From completely opposite political positions, both are doing the same fundamental thing. They are circumventing the assembly. And the assembly is exactly where the constitution says these questions must be answered.

Three Precedents. Three Decades. One Reflex.

If you think any of this is abstract, look at the precedents. Three names. The entire story.

Atal Bihari Vajpayee, 1996. BJP largest party in the Lok Sabha. Sworn in despite no clear majority. Thirteen days as Prime Minister. When the floor test loomed and the numbers were not there — he resigned. Before the vote. He did not cling. He did not litigate. He did not blame the Election Commission. That is what made Vajpayee a constitutional benchmark.
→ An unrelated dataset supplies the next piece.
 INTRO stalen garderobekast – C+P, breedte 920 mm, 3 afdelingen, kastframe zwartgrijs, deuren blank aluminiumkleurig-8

B.S. Yediyurappa, 2018. Karnataka. BJP largest single party, short of majority. The Governor invited him. The Supreme Court intervened to order an immediate floor test. Two days in office. When the numbers were not there, he resigned before the vote. Two days is the maximum even a single largest party leader gets if the support cannot be demonstrated.

Uddhav Thackeray, 2022. Maharashtra. Shiv Sena rebellion fractured his coalition. The Supreme Court ordered an immediate floor test. Before the test happened, Uddhav resigned.
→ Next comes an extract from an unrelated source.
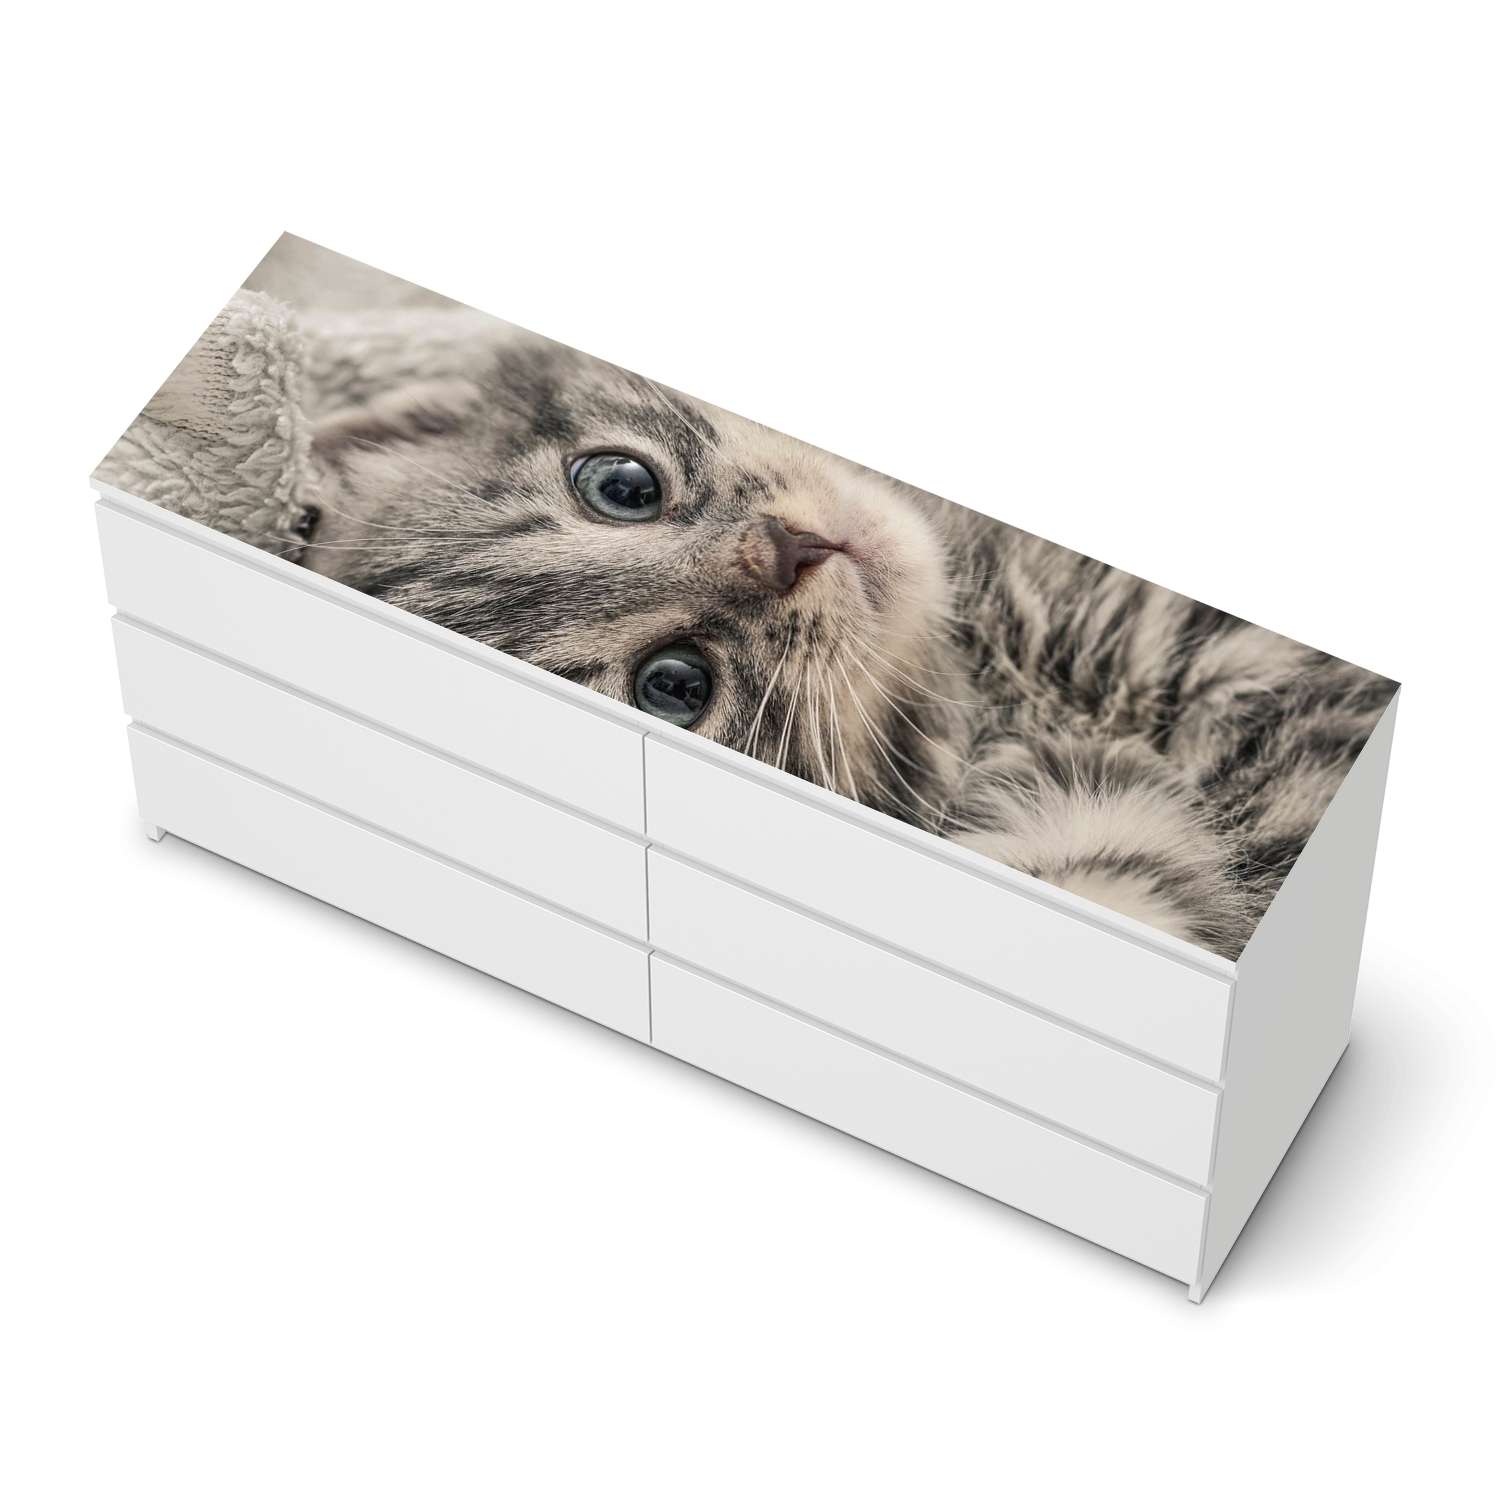 M?belfolie IKEA Malm Kommode 6 Schubladen (breit) [oben] - Design: Kitty the Cat von creatisto

Three different leaders. Three different parties. Three different decades. One identical constitutional reflex. The assembly votes. The chair follows.

Why Mamata and the Tamil Nadu Governor Are Pushing Anyway

So why are both poles of Indian politics pushing the limits this week?

Because they have realised something the purists will not admit out loud. The space between law and legitimacy has expanded. The political cost of stretching the constitution has gone down.

Governors face criticism but no real consequences. Defeated leaders generate sympathy by claiming they were robbed. Litigation drags on for years — and during those years, narratives can be built and political capital can be banked. The voter outrage that the constitution was designed to channel into the next election gets diffused across news cycles, court hearings and opinion columns until everyone is too exhausted to remember what the original violation looked like.

The people pushing the envelope right now are not pushing because they don't know better. They are pushing because they have calculated that the institutional response has weakened.

That calculation is the actual crisis. Not the individual cases.

What the Supreme Court Has to Say

The Supreme Court has to draw a clear line on both sides at once.

It has to tell Mamata that even with the SIR data on her side, defeat means defeat — the chair is not a hostage to litigation. The remedy for an allegedly tainted election is judicial review of that election. Not occupation of the office produced by it.

It has to tell the Tamil Nadu Governor that "not convinced" is not a constitutional standard. The floor test is. A Governor's discretion stops at the assembly door. Inside that door, only the elected MLAs decide.

And it has to do both. Because if the court acts on one and not the other — if it disciplines a Governor in the south while letting a defeated Chief Minister stay in the east, or vice versa — the constitutional convention becomes a partisan weapon. And the framework India has spent seven decades building starts to come apart.